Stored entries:

■ ■ ■ ■

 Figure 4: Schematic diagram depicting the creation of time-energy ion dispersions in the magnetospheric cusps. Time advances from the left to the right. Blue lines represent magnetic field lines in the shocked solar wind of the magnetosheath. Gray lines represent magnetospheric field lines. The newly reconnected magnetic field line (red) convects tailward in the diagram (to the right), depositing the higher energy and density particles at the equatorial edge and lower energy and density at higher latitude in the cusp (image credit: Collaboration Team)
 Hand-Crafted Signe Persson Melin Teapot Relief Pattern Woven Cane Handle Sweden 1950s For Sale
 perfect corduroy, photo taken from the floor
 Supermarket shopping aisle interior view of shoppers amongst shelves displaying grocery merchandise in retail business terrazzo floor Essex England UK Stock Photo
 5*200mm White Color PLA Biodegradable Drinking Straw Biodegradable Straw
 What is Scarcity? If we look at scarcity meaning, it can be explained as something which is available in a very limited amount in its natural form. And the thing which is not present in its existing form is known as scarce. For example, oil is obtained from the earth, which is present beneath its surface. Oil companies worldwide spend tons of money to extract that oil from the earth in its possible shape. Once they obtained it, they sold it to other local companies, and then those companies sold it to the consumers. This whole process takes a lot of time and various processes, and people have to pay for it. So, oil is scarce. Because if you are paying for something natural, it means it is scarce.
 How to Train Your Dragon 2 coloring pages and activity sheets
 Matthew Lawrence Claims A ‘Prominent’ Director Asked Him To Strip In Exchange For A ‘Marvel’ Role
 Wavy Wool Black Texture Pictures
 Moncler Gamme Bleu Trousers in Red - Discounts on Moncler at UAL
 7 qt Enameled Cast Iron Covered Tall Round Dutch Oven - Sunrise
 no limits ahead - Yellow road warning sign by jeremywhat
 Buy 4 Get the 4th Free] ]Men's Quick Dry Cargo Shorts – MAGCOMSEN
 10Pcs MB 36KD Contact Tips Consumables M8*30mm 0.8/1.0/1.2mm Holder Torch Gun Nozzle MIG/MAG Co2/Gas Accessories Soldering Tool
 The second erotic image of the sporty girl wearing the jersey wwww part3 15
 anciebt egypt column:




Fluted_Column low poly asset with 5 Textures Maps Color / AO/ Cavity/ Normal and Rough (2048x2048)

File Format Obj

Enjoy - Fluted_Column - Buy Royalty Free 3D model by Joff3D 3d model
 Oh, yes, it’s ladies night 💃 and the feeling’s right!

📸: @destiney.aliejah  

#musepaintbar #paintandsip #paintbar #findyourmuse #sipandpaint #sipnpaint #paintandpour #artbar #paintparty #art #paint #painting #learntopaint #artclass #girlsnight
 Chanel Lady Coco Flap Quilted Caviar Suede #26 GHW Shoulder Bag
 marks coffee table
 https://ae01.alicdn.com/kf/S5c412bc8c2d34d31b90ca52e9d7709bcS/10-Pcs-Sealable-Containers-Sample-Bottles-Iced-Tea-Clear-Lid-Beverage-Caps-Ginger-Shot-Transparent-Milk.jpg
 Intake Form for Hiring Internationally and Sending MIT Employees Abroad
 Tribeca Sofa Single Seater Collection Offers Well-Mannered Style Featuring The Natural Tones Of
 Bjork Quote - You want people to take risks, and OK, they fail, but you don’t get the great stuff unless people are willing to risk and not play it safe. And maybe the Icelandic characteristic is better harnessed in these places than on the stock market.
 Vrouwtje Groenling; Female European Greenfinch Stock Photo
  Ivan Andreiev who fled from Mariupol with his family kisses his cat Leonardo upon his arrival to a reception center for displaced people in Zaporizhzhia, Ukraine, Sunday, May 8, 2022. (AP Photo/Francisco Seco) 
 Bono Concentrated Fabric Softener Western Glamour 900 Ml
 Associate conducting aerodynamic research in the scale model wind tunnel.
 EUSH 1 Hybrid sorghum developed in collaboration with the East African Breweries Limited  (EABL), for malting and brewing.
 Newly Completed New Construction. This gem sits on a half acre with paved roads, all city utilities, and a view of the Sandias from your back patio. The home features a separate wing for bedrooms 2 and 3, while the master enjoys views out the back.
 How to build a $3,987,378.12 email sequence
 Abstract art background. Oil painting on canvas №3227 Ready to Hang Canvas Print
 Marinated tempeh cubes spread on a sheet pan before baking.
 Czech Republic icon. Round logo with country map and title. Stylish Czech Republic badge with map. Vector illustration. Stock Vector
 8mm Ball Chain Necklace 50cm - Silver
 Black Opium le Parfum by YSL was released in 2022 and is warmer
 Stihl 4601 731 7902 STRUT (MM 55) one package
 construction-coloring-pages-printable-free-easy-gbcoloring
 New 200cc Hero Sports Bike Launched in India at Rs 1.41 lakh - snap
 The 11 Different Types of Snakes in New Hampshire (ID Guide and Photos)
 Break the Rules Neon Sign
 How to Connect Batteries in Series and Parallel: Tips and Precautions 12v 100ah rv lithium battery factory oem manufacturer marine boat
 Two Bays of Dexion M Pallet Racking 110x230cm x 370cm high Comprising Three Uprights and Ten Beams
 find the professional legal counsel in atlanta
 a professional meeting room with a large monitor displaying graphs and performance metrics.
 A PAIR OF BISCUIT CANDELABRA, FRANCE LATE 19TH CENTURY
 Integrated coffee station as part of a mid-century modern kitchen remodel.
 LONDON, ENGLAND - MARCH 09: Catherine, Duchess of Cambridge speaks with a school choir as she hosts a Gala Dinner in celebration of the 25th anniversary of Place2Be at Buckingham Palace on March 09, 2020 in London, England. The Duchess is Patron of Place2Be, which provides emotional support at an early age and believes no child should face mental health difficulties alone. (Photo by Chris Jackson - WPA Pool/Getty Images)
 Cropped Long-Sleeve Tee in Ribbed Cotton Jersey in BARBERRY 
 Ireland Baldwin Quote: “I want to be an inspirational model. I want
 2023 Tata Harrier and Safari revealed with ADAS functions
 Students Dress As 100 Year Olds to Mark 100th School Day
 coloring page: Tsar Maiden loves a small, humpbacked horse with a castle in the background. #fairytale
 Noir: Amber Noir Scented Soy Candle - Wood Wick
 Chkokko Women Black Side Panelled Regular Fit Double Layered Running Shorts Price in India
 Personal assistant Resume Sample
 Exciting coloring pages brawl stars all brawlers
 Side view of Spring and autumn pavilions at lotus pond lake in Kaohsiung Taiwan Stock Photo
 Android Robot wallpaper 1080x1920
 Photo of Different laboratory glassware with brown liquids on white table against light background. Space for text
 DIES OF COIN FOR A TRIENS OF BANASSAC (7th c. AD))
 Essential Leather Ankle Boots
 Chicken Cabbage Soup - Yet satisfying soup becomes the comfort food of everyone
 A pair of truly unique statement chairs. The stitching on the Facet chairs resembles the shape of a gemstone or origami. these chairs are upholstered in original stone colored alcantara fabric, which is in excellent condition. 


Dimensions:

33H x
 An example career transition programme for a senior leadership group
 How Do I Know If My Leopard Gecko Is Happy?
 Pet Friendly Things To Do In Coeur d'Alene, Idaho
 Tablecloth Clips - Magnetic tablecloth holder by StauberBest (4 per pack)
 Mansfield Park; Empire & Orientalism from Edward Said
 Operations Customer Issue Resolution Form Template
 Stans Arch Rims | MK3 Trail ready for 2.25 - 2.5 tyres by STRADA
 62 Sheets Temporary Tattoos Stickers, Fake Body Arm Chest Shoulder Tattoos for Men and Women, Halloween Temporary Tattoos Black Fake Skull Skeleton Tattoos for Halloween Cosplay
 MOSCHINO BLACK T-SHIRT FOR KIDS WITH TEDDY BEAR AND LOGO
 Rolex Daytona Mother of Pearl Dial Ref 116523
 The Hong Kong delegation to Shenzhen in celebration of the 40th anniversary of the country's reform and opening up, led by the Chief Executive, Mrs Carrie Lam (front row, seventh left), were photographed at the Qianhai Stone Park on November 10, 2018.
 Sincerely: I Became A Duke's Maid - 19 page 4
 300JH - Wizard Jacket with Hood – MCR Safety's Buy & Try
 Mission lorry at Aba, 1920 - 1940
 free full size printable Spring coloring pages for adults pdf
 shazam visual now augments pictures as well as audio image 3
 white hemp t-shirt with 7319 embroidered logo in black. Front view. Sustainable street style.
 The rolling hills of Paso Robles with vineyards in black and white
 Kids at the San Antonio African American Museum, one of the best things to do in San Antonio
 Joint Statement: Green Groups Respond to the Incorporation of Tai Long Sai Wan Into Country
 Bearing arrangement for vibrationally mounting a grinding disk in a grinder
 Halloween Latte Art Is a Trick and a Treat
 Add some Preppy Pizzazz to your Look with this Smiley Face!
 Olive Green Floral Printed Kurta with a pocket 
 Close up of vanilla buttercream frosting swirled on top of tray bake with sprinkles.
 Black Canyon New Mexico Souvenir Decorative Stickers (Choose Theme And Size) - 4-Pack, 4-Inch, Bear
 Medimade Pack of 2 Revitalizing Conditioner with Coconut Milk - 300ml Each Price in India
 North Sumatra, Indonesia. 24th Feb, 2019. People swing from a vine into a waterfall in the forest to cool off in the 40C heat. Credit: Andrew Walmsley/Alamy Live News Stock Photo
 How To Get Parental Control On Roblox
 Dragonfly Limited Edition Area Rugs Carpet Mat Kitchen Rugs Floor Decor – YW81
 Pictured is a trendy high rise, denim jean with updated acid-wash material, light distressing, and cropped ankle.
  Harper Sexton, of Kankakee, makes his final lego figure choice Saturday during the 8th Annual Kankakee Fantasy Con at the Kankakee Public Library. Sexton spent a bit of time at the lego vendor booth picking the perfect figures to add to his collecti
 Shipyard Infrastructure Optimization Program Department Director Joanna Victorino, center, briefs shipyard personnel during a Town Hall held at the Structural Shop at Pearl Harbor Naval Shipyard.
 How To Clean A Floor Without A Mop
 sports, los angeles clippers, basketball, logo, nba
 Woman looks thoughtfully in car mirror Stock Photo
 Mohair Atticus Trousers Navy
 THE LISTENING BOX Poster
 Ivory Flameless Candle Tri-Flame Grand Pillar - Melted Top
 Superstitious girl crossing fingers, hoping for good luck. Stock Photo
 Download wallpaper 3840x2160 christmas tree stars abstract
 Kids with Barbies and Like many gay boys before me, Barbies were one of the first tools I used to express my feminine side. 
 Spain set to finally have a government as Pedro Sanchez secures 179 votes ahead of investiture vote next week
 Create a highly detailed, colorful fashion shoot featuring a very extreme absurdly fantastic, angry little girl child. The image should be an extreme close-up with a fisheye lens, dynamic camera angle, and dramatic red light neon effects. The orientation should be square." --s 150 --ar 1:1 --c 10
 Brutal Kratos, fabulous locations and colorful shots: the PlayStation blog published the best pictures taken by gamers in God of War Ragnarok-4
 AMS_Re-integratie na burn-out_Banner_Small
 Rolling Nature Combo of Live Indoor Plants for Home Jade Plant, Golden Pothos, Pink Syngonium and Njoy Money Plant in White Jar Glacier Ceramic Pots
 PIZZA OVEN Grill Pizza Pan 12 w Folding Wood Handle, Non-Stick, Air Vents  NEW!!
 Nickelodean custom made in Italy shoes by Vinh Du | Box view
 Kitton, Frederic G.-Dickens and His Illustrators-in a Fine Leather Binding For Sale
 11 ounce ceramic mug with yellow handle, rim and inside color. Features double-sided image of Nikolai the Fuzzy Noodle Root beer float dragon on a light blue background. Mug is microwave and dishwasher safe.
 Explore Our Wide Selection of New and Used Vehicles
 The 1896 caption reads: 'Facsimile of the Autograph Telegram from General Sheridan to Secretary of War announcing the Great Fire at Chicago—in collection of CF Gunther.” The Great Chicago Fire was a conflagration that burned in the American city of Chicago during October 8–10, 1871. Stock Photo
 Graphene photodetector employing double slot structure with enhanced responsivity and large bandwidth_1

■ ■ ■ ■

Exercise details:
Check each line above for the string "printable" and report how many lines have it, giving only the number.

Output of the exercise:
2